Limiting the parallel request count to origin servers (including webshop backend servers) is easy in Node.js, you just need to RTFM.

const httpAgent  = new http.Agent({
  keepAlive: true,
  keepAliveMsecs: 30000,
  maxSockets: 80
});

**maxSockets <number>** Maximum number of sockets to allow per host. Each request will use a new socket until the maximum is reached. Default: Infinity.

The only thing left is to proxy webshop request to webshop backends. Node.js allows you to pipe incoming and outgoing http requests together, which keeps the overhead minimal. To act like a normal proxy, we added our own IP address to the x-forwarded-for header.

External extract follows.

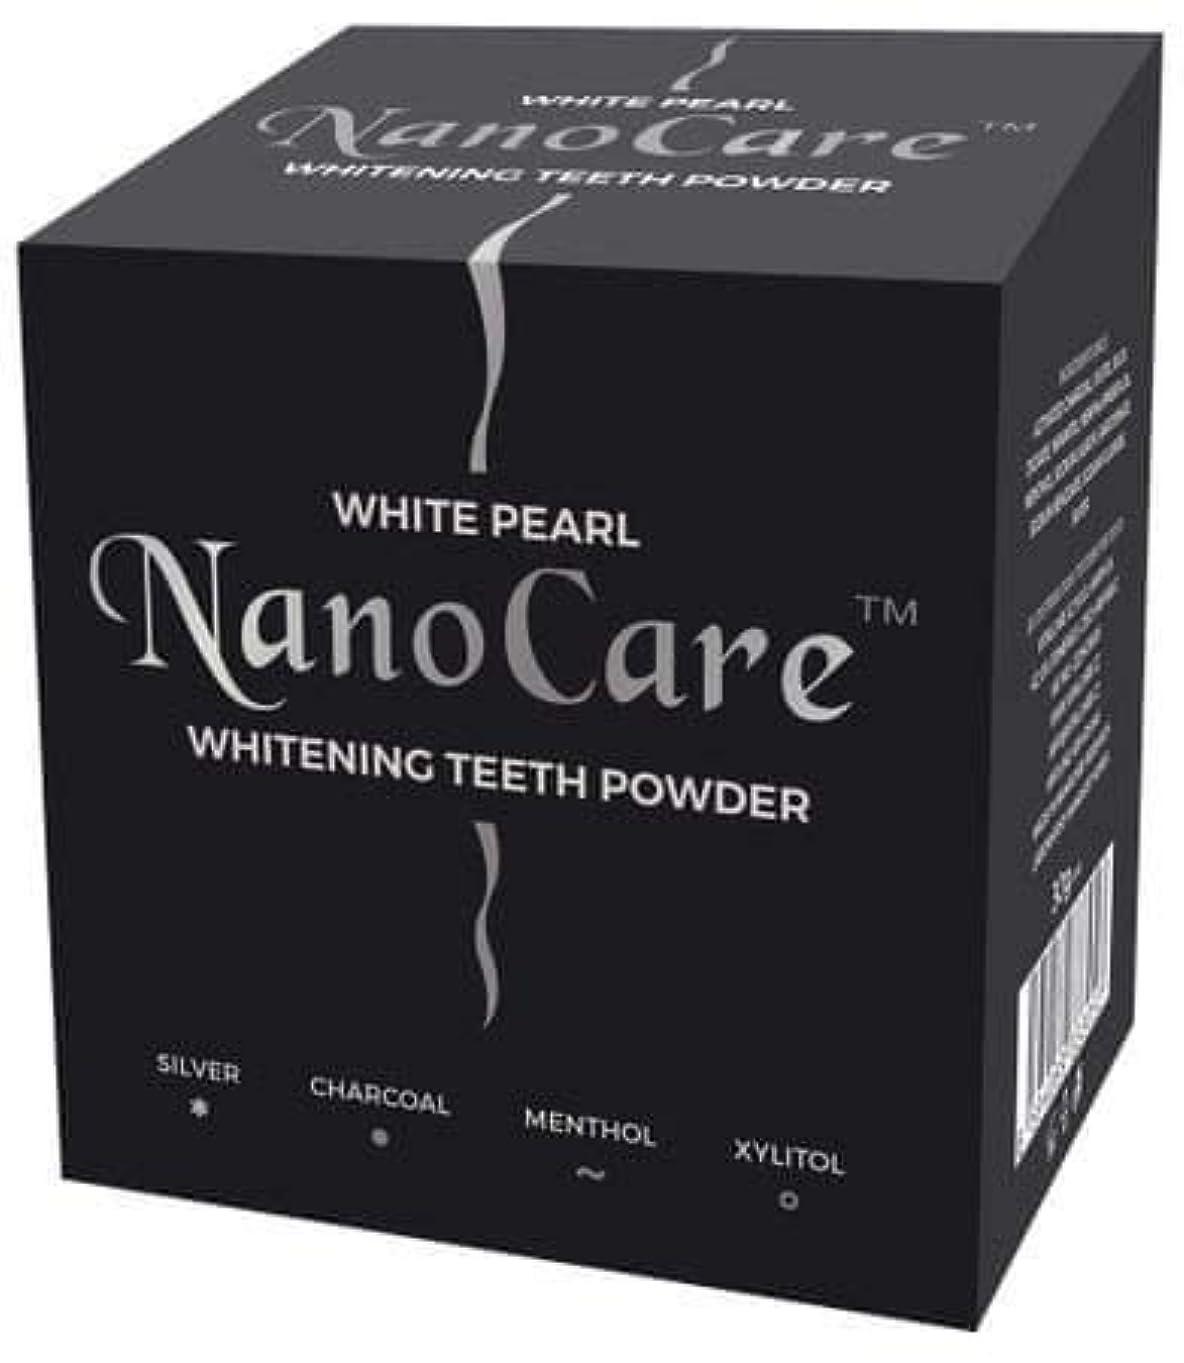 マウスピース便利さレポートを書くNano Care Whitening Powder with Active Charcoal and Silver nanoparticles 30g Made in Korea / 活性炭と銀ナノ粒子30gのナノケアホワイトニングパウダー韓国製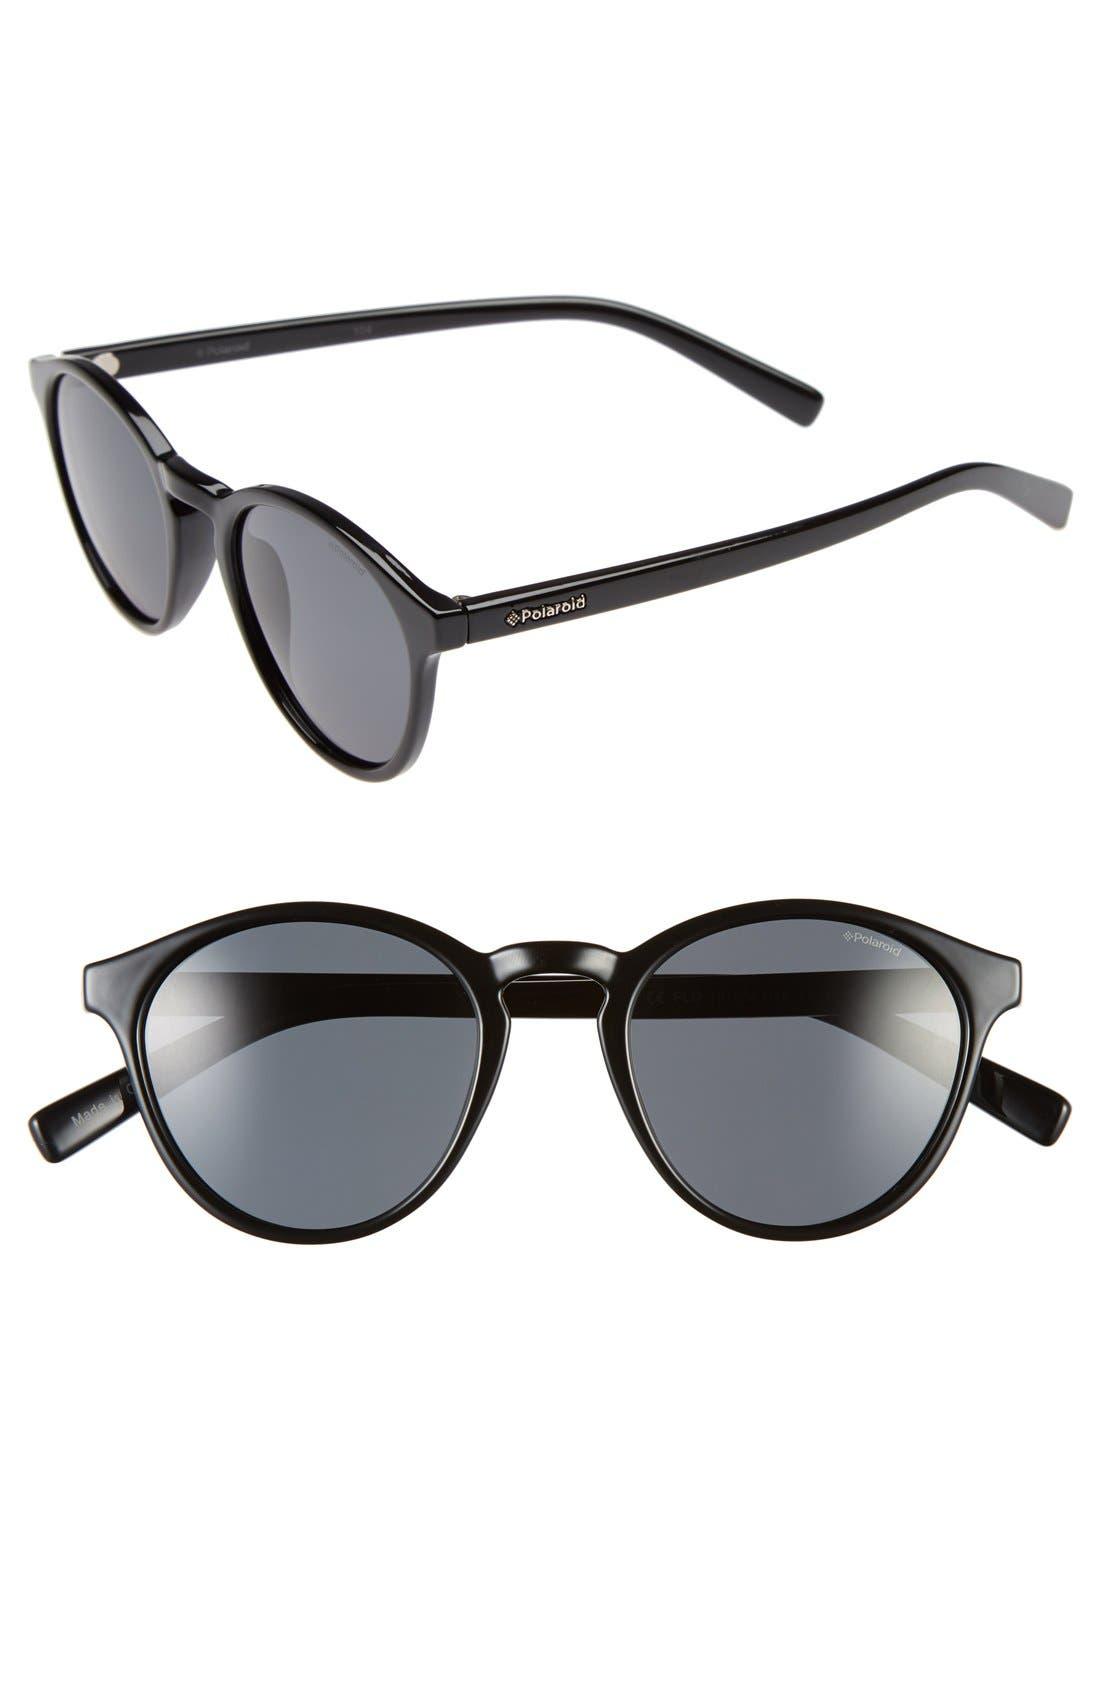 Alternate Image 1 Selected - Polaroid Eyewear 50mm Polarized Sunglasses

Initial tests were promising, serving 8K parallel requests with ease, but syntactic tests can be misleading. And we know, that serving 880K unique visitors during a week long festival from 2 VPS instances (20 euro / month) can be considered crazy. Yet we did it. 🙂

The first day (called 0 day) of Sziget festival 2019, website bandwidth and request count:

Due to the CDN urls Cloudflare could do most of the heavy lifting, only 3.3% of the bandwidth ever hit the magic proxy, and only 1% of the requests needed to serve content, everything else is just a 304. Even a 100Mbit/s VPS turned out to be an overkill az this point.

Peek Cloudflare traffic: 150 GB / hour

2.5 GB / minute -> 42MB / sec -> 336 Mbit / sec + headers

Peek Magic proxy traffix: 6.2 GB / hour

105 MB / minute -> 1.7MB / sec -> 14 Mbit / sec + headers

The CMS server was basically idle during the festival, but shortly after the publish events we did hit 400 Mbit / sec on it. There was no load on the VPSs, but we used 3 GB of ram.

Since 2019 we have fine-tuned some values, noticed a few race conditions, extended the modules, but the basic concept stayed the same. Let Cloudflare handle the heavy lifting, the only job (an almost static) website should do is to provide the much needed concepts to do that – invalidation and unique urls per static content. Everything else you can solve by using cached content and small proxy tricks built into the server.

We know, that this is not a “proper scalable” solution, but given the constraints and goals, we are really happy with it so is Sziget. And I know it’s hard to believe that the “extra infrastructure” cost is only 3.33 EUR per festival, which is the same price as a beer at any of these festivals.